On 31 December 2014 at 17:43, Vladimir Diaz <vladimir.v.diaz@gmail.com> wrote:
PEP 480 includes a section that discusses a potential approach to packages signed by package authors: https://www.python.org/dev/peps/pep-0480/#automated-signing-solution
Let us know what you think.
Thanks for the pointer. I read the section you referred to (admittedly in isolation). The language is unfamiliar to me, so I'm afraid I didn't get much from it. For example, I don't know what miniLock is, so that analogy was no help.
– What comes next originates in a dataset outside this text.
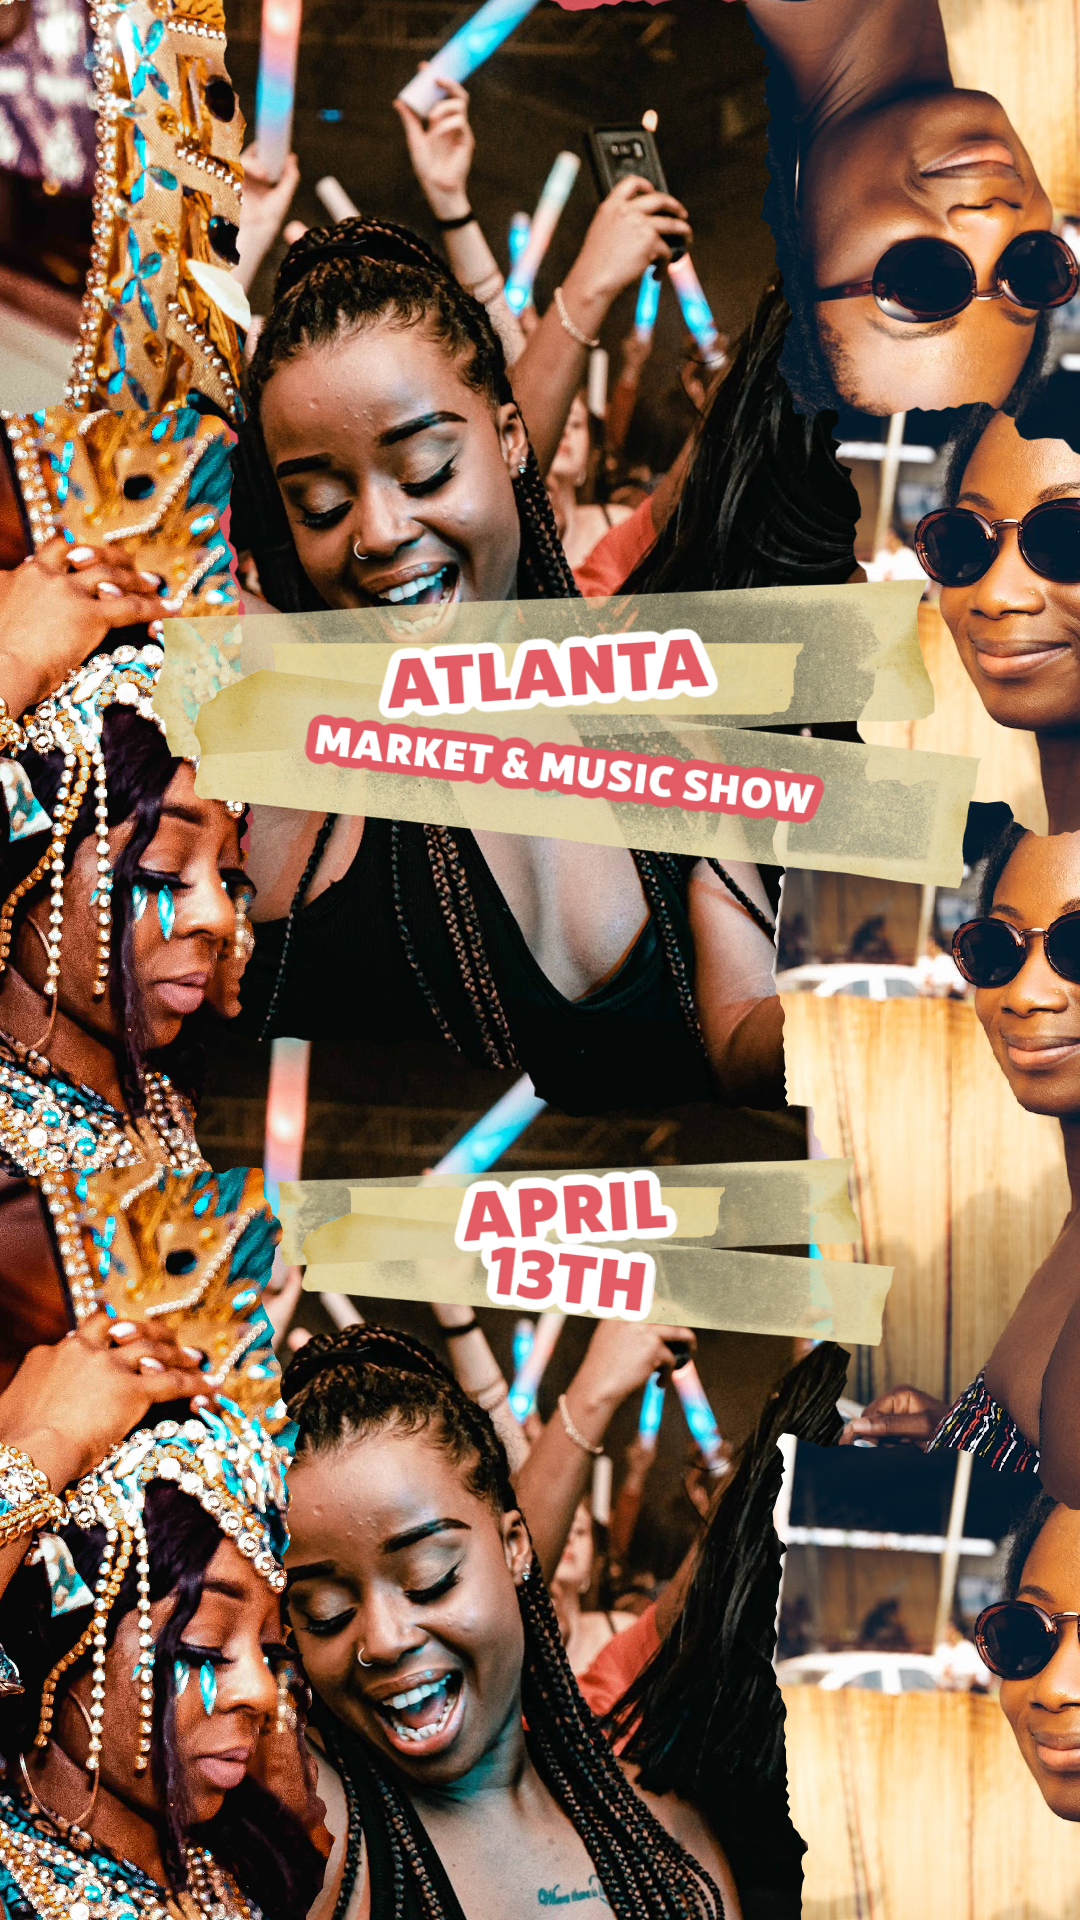 AfroSocaLove : Atlanta Party & BlackOwned Market (Feat Maga Stories & More) - Afro Soca Love Supply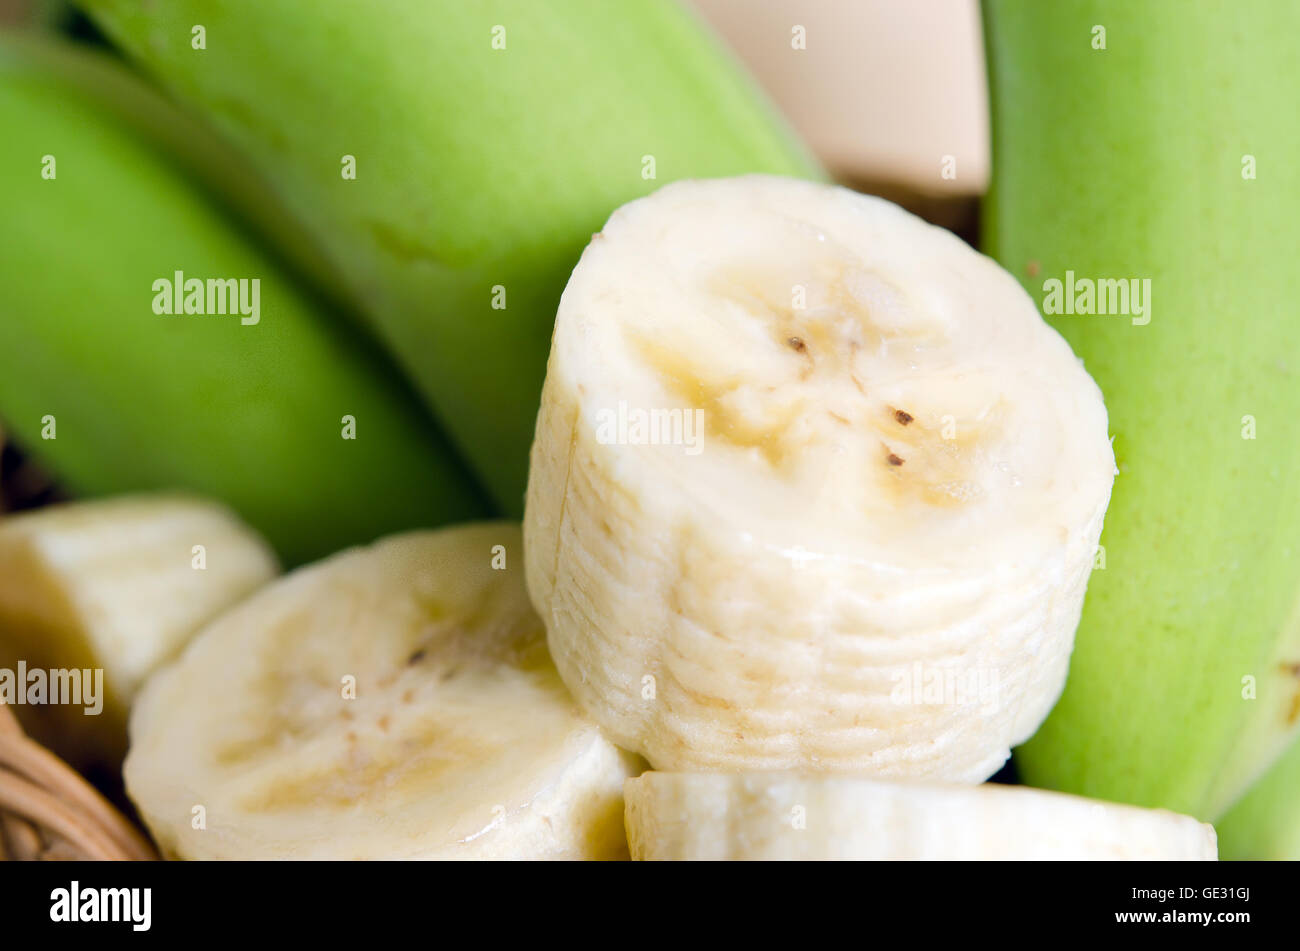 Banana (Other names are Musa acuminata, Musa balbisiana, and Musa x paradisiaca) fruit macro view Stock Photo

Also, the phrase "the sharing of private keys across multiple machines of each developer" didn't mean much other than to raise alarms for me that I might not be able to simply log onto a new machine (a VM, for example, or a work machine) and do a quick "git clone; hack; python setup.py upload" to release an emergency fix, as I'd need a private key with me (as opposed to a password I can remember), and I'd needto do something to "allow key sharing" . That would be annoying. The "Enter a secondary password" note struck me as odd. Why would I need a *second* password? And why wouldn't I just reuse the same password as I use for PyPI? After all, I'm trusting that password hasn't been compromised, why make it harder on myself by needing to remember two passwords? Terminology-wise, I don't know what "adding a new identity" means. Is that authorising a second developer? Or could I need to have multiple "identities" myself? The first is fine, the second isn't (I'm me, why do I need to have 2 identities just to upload a distribution)? I'm aware of (and sorry about) the fact that this is very much a "drive by" scan of one section of the proposal in isolation. I *hope* it's still useful feedback, even if it's neither thorough nor particularly thoughtful - I was sort of aiming for "something is better than nothing", and that's all :-) Anyway, I'll leave further comment to people with a better understanding of the issue, although I'm happy to clarify if any of the above isn't clear. Paul.